Just call this function after  CheckJobProgress(job.Id); with outputAsset as a parameter.


// Get a reference to the output asset from the job.
IAsset outputAsset = job.OutputMediaAssets[0];

GetStreamingOriginLocator(outputAsset);

}

Write the Stream ready URL to file

Finally, we would like to write down the streaming URL to a file. To perform a file write operation, prepare a output file path and store it in some variable, say outFilePath.


var fileName = Path.GetFileName(inputPath);
 string outFilePath = Path.GetFullPath(outputPath + @"\" + fileName + "StreamingUrl.txt");
 WriteToFile(outFilePath, urlForClientStreaming);

WriteToFile is a function that takes parameters output file path and stream ready URL.
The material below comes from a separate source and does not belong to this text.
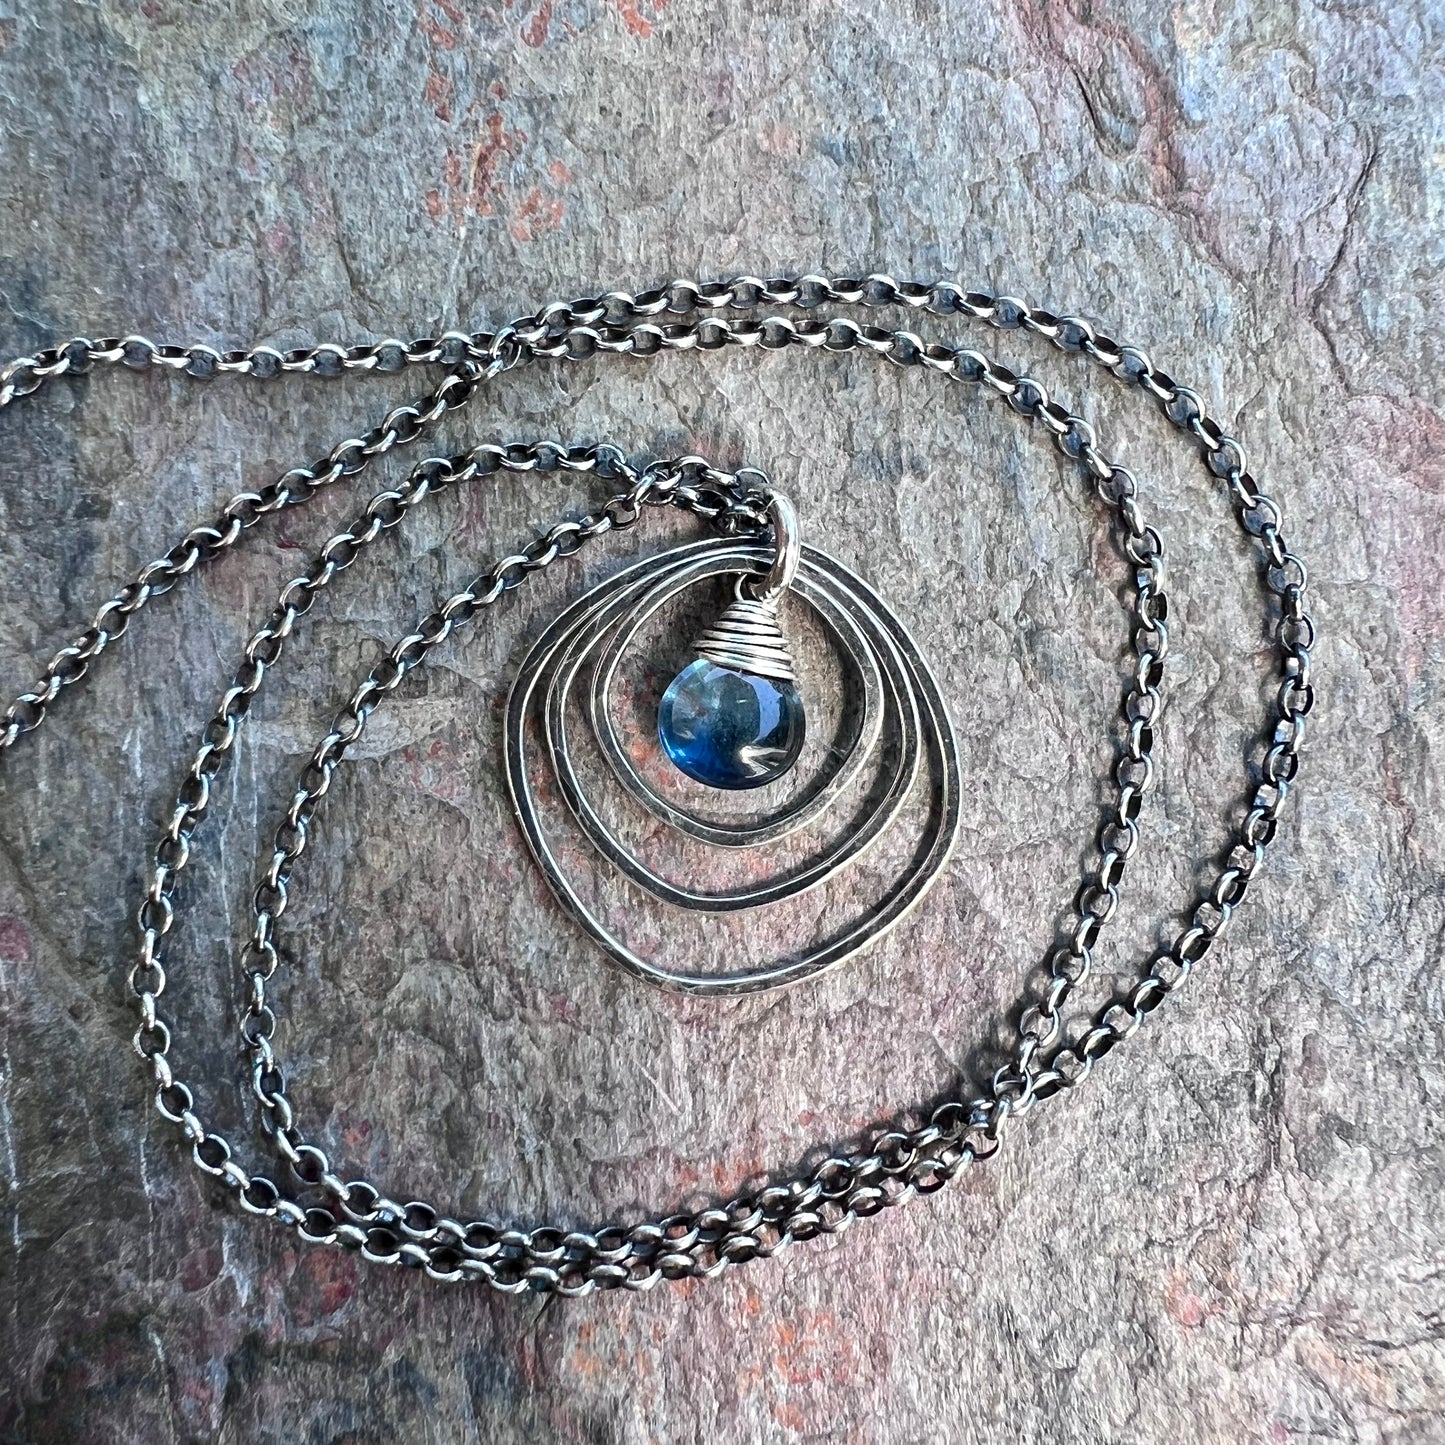 Sterling Silver Quartz Necklace - Blue Hydro Quartz in Hammered Silver Pendant on Sterling Silver Chain

static void WriteToFile(string outFilePath, string fileContent)
 {
StreamWriter sr = File.CreateText(outFilePath);
sr.Write(fileContent);
sr.Close();
 }

Summary

Run the code with sample mp4 file as an input. You’ll get a text file with streaming URL. You can use the URL in HTML5 Video (with Player Framework), Silverlight. You are good to go

As you know this is just a part of Azure Media Services. You can do a lot with Media Services. Well, this is just a start. Smooth streaming and HTML5 will hopefully make flash and Silverlight obsolete for the good of Internet.